Этот исключительно опрятный, хоть и бедно одетый старик всегда носил штаны до колен, толстые шерстяные чулки и башмаки, подбитые железными подковками, кафтан так называемого французского покроя, с большими пуговицами, еще сохранившийся у некоторых старых крестьян, и широкополую шляпу; но в будничные дни он ходил в синей куртке, до того испещренной заплатами, что она больше походила на ковер. Гордость человека, знающего, что он свободен и достоин этой свободы, придавала его лицу и походке какое-то особое благородство; словом, он носил не лохмотья, а платье.
— Ну, что у вас тут стряслось, бабушка? Вас было с колокольни слышно, — спросил он.

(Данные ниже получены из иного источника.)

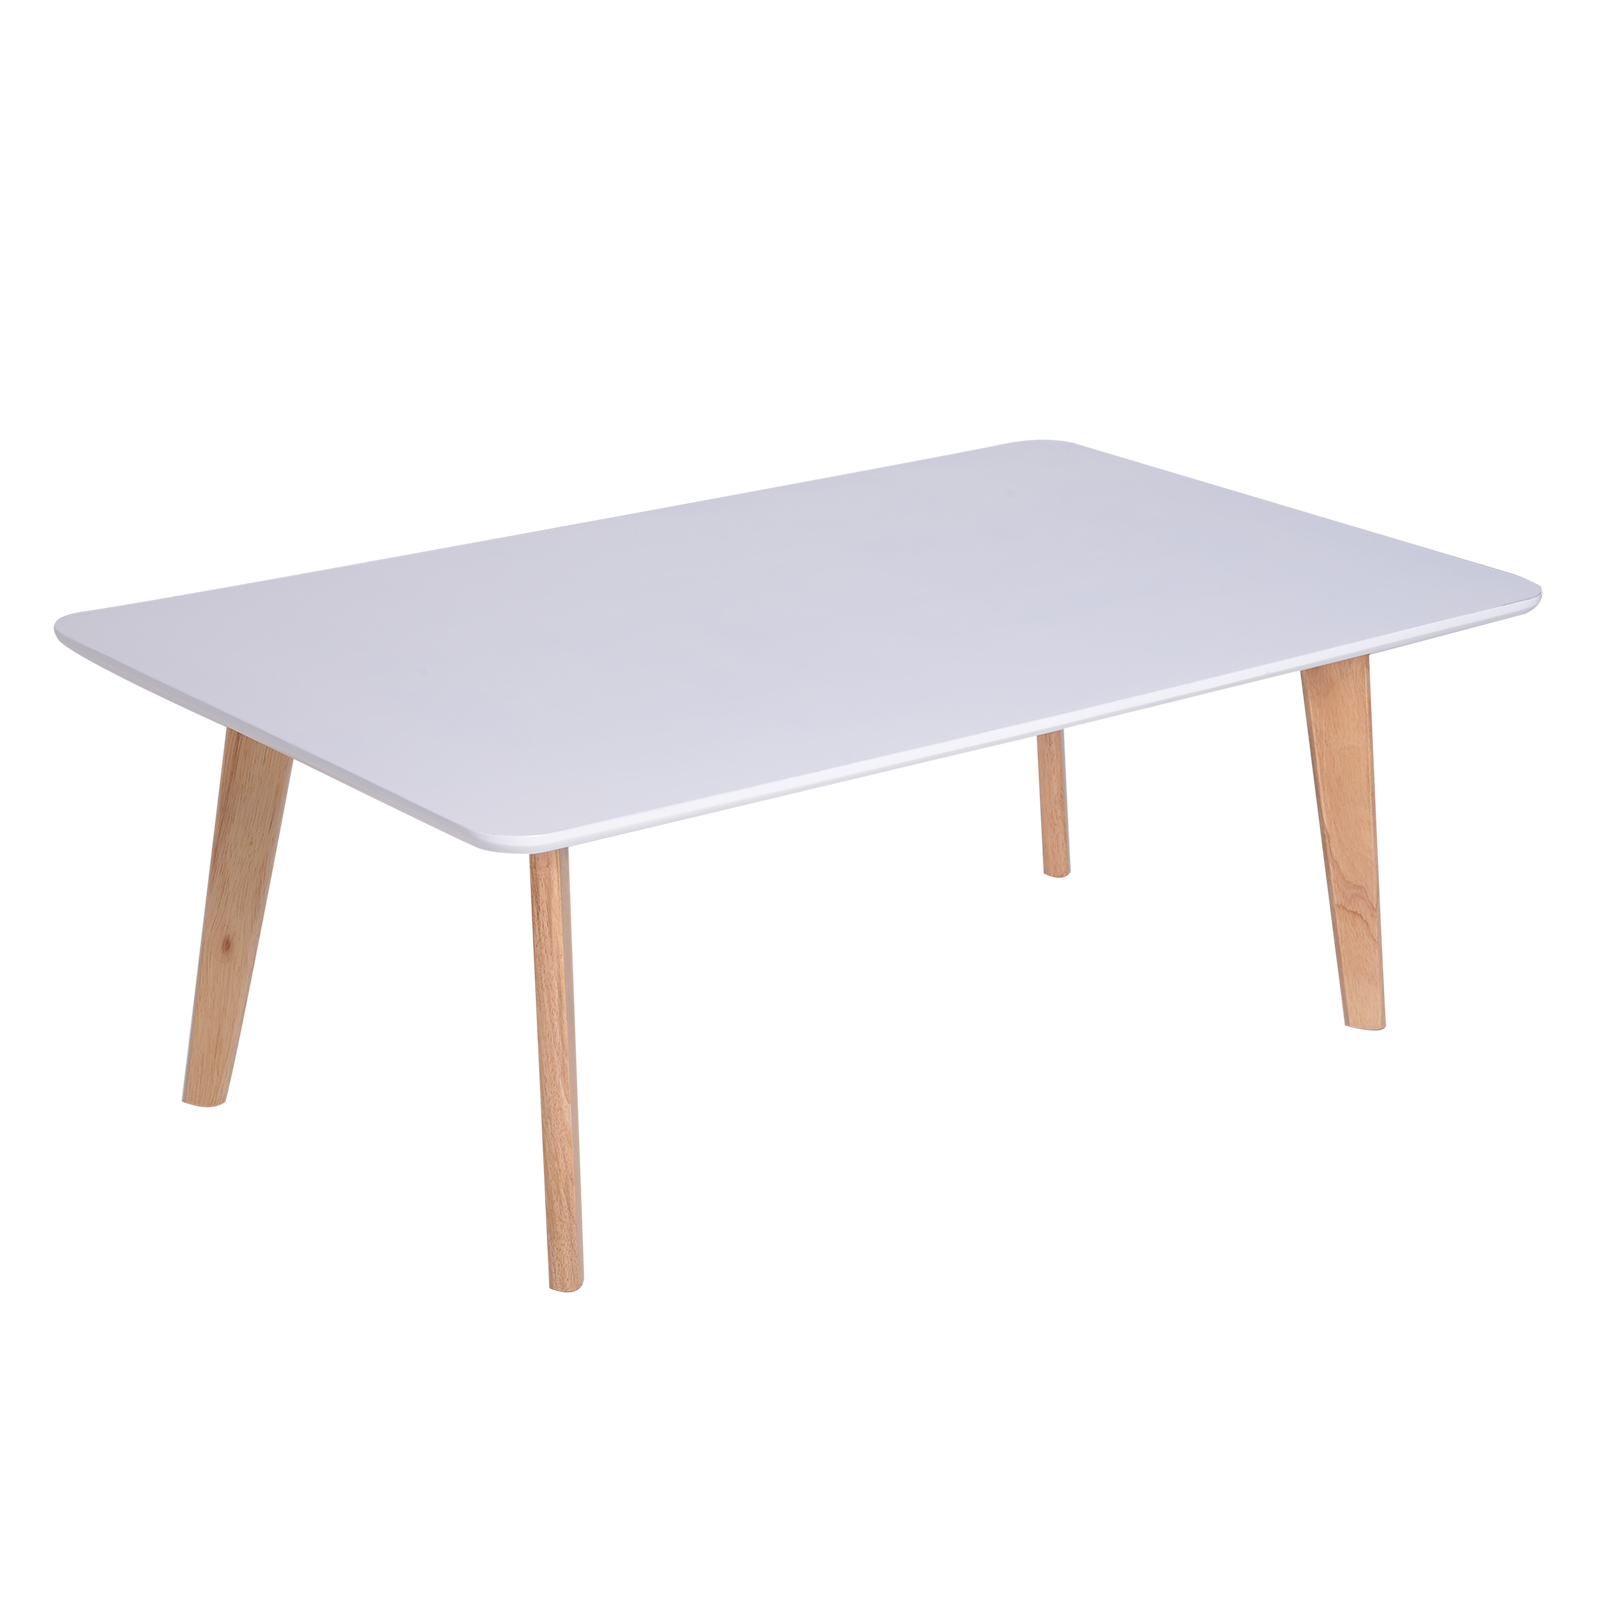 HOMCOM Coffee Table Nordic Style Living Room Wood 120x70x45 Cm White

Старику рассказали о случае с Вателем, причем, как это водится в деревне, кричали все сразу.
— Если вы не рубили дерева, — промолвил старик Низрон, — Ватель не прав; а если срубили, то совершили два дурных поступка.
— Выпейте-ка стаканчик вина, — сказал Тонсар, подавая старику полный стакан.
— Ну, что ж, отправились? — спросил Вермишель судебного пристава.
— Да. Обойдемся без дяди Фуршона, прихватим кушского помощника мэра, — ответил Брюне. — Ступай вперед, а мне еще надо отнести в замок один документик: дядя Ригу выиграл и второй процесс, я должен передать судебное постановление.
И г-н Брюне, подкрепившись двумя рюмками водки, сел на свою кобылу, не забыв перед уходом проститься с дядюшкой Низроном, ибо все в долине дорожили уважением старика.
Никакая наука, даже статистика, не может объяснить ту сверхтелеграфную скорость, с которой распространяются новости в деревне, и способ, которым они преодолевают глухие пространства вроде степей, еще существующие во Франции к стыду наших администраторов и капиталистов. Современная история знает, как самый знаменитый из всех банкиров, загнав лошадей на пути между Ватерлоо и Парижем (всем известно, для чего он мчался: он приобрел все, что потерял император, — владычество!), лишь на несколько часов опередил роковую весть. Итак, не прошло и часа после столкновения старухи Тонсар с Вателем, а в «Большом-У-поении» уже собралось несколько завсегдатаев.
Первым пришел Курткюис, но вы с трудом узнали бы прежнего веселого лесника и краснощекого бездельника, которому жена варила по утрам кофе, как о том рассказывалось выше, при изложении предыдущих событий. Он постарел, похудел, осунулся и мог служить для всех страшным, но ни для кого не поучительным примером.
— А что ж, он хотел прыгнуть выше головы, — говорили тем, кто жалел бывшего сторожа и обвинял Ригу. — Задумал сделаться помещиком!